Penentuan harga panjang gelombang maksimum
1.    dibuat larutan kolesterol standar dengan konsentrasi 100 mg/100 ml dengan pelarut
kloroform
2.     dipipet 0,1 ml larutan tersebut ke dalam tabung reaksi yang bersih dan kering,
3.    ditambahkan 3 ml reagen Lieberman-Buchard (campuran asam asetat anhidrid
dengan asam sulfat pekat 30:1) pada suhu dingin
4.    dikocok baik-baik menggunakan vortex-mixer, dibiarkan selama 30 menit pada
suhu kamar.
5.    diukur serapannya dari panjang gelombang 360 s/d 700 nm
6.    dibuat kurva serapan terhadap panjang gelombang, sehingga diperoleh panjang
gelombang maksimum (panjang gelombang yang memberikan serapan maksimum).
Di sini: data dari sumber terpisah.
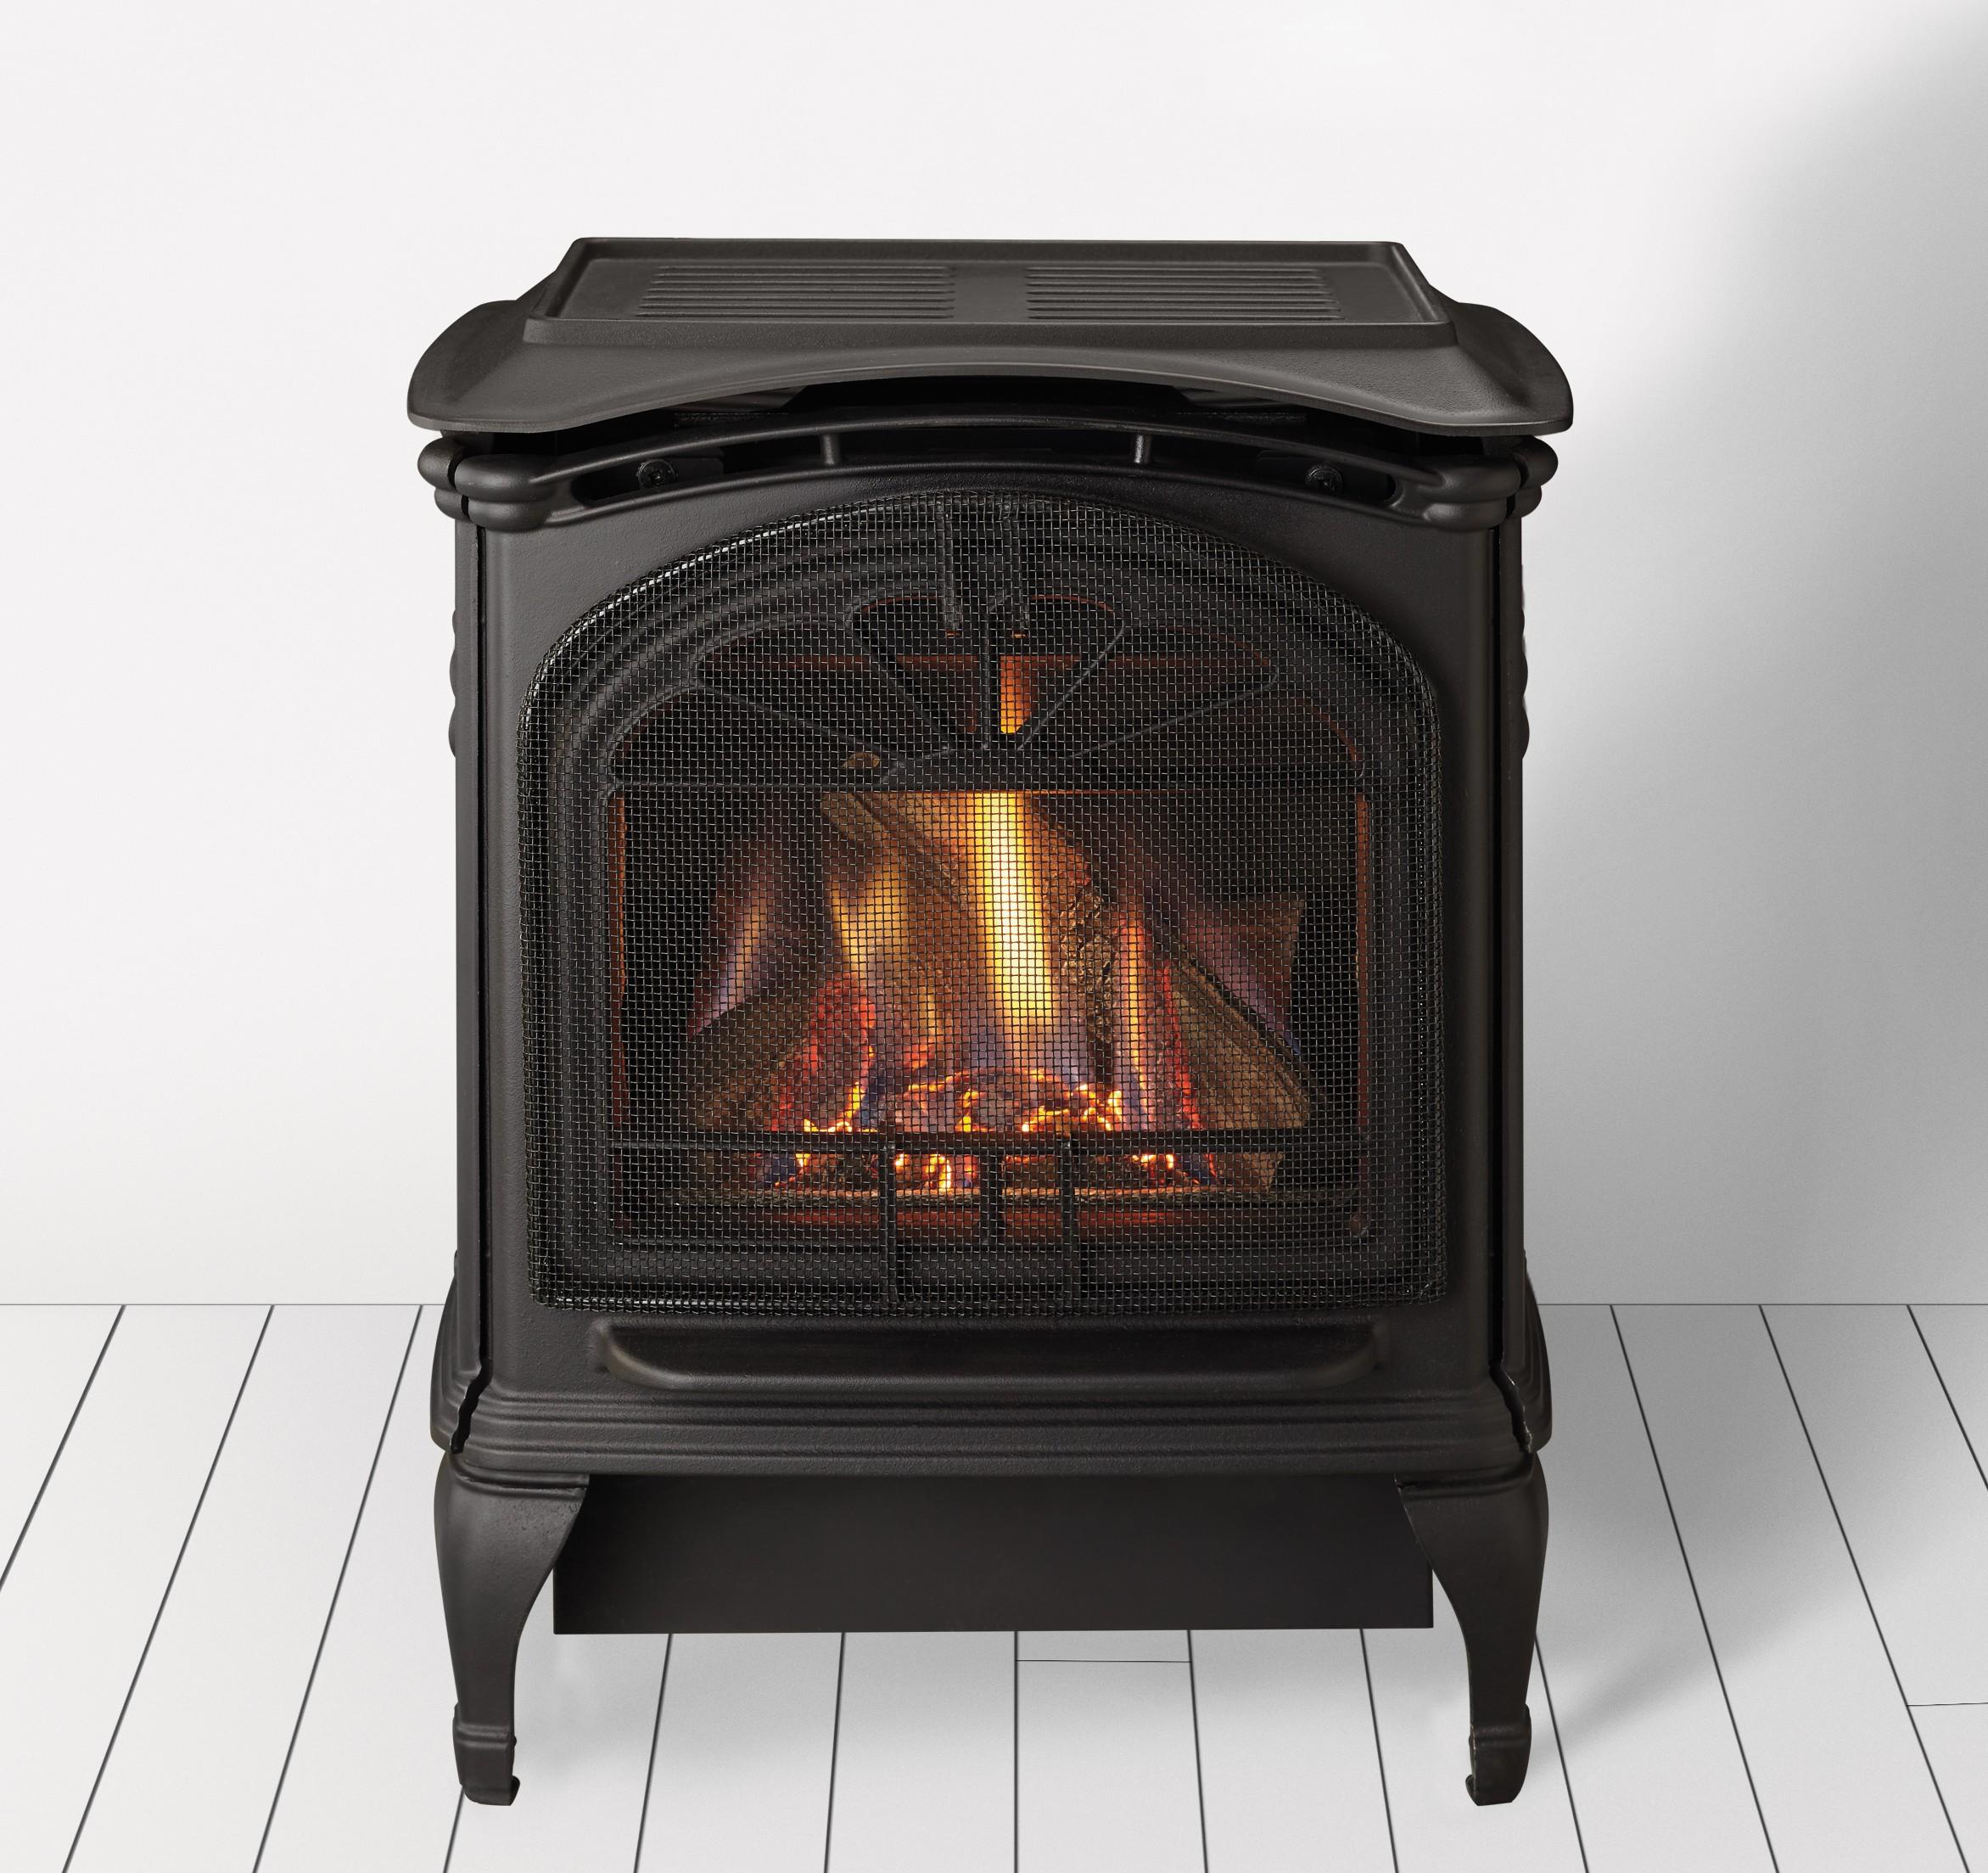 Top Heat Glo Tiara Petite Gas Stove E1443380263846 Heat Glo Twilight Ii Review Glo Primo Heat houzz-02 Heat And Glo

Untuk menentukan konsentrasi (kadar) kolesterol total dalam darah digunakan kurva
standar kolesterol
Pembuatan kurva standar kolesterol
1.     dibuat larutan kolesterol standar dengan konsentrasi (mg/ml) berturut-turut: 0,2 ;
0,4 ; 0,6 ; 0,8 ; 1,0 ; 1,5 ; 2,0 ; 2,5.
2.    Masing-masing larutan di atas dipipet ke dalam tabung reaksi yang bersih dan
kering sebanyak 0,1 ml
3.    Pada masing-masing tabung ditambahkan 3 ml reagen Lieberman-Buchard, dikocok
baik-baik, dibiarkan selama 30 menit pada suhu kamar, diukur serapannya pada
panjang gelombang maksimum.
4.    Dibuat kurva standar serapan vs konsentrasi.